According to the SEC's order, a backtest must utilize actual data from the time period in order to get an accurate result. Lucia and RJL have admitted during the SEC's investigation that the only testing they actually performed were some calculations that Lucia made in the late 1990s -- copies of which no longer exist -- and two two-page spreadsheets.

According to the SEC's order, the two cursory spreadsheets that Lucia claims were backtests used a hypothetical 3 percent inflation rate even though this was lower than actual historical rates. Lucia admittedly knew that using the lower hypothetical inflation rate would make the results look more favorable for the Buckets of Money strategy. These alleged backtests also failed to account for the negative effect that the deduction of advisory fees would have had on the backtesting of their investment strategy, and their "backtesting" did not even allocate in the manner called for by Lucia's Buckets of Money strategy.  The slideshow presentation that Lucia and RJL used during the seminars failed to disclose the flaws in their alleged backtests and was materially misleading.

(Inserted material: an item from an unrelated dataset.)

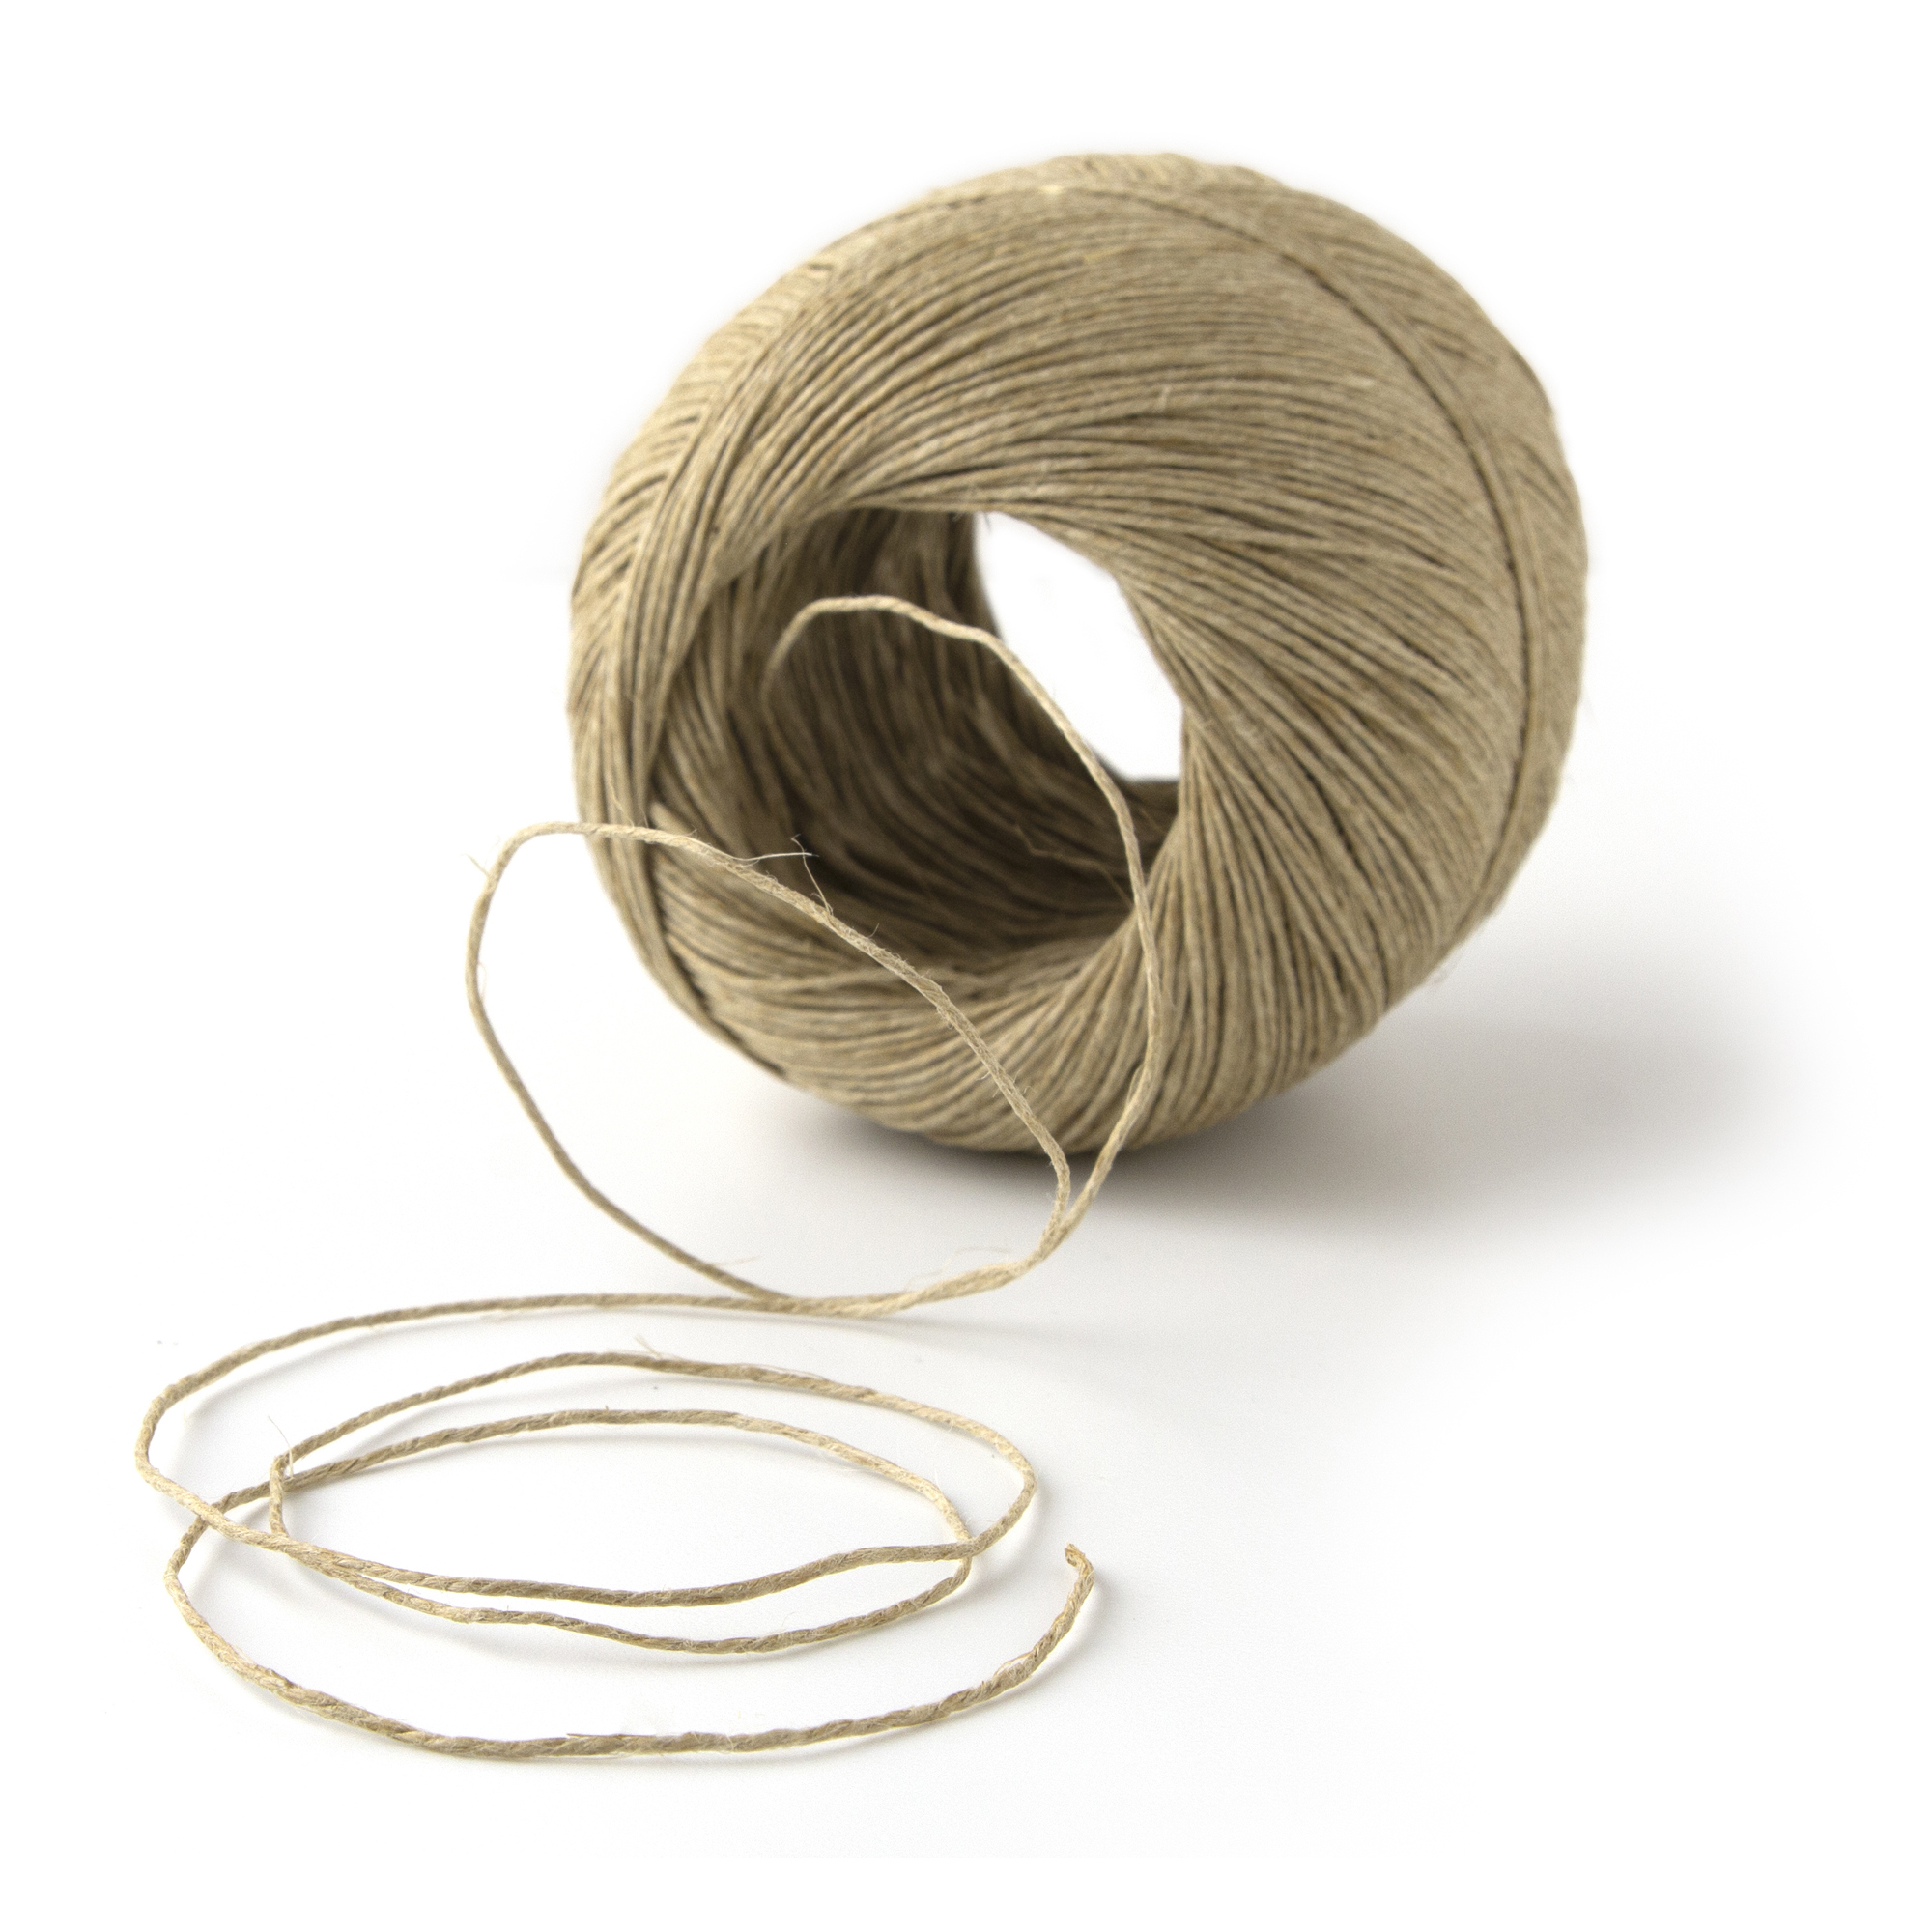 Cousin DIY 10 lb Thin Polished Hemp Cord Twine, 400 ft, Natural Brown - image 4 of 8

According to the SEC's order, Lucia and RJL also failed to maintain adequate records of the backtesting as they were required to do under an SEC rule. The pair of two-page spreadsheets was the only documentation of their backtesting calculations, and those spreadsheets failed to duplicate their advertised investment strategy.

The SEC's order finds that RJL violated the Investment Advisers Act of 1940. The SEC's Division of Enforcement is seeking financial penalties and other remedial action in the proceedings.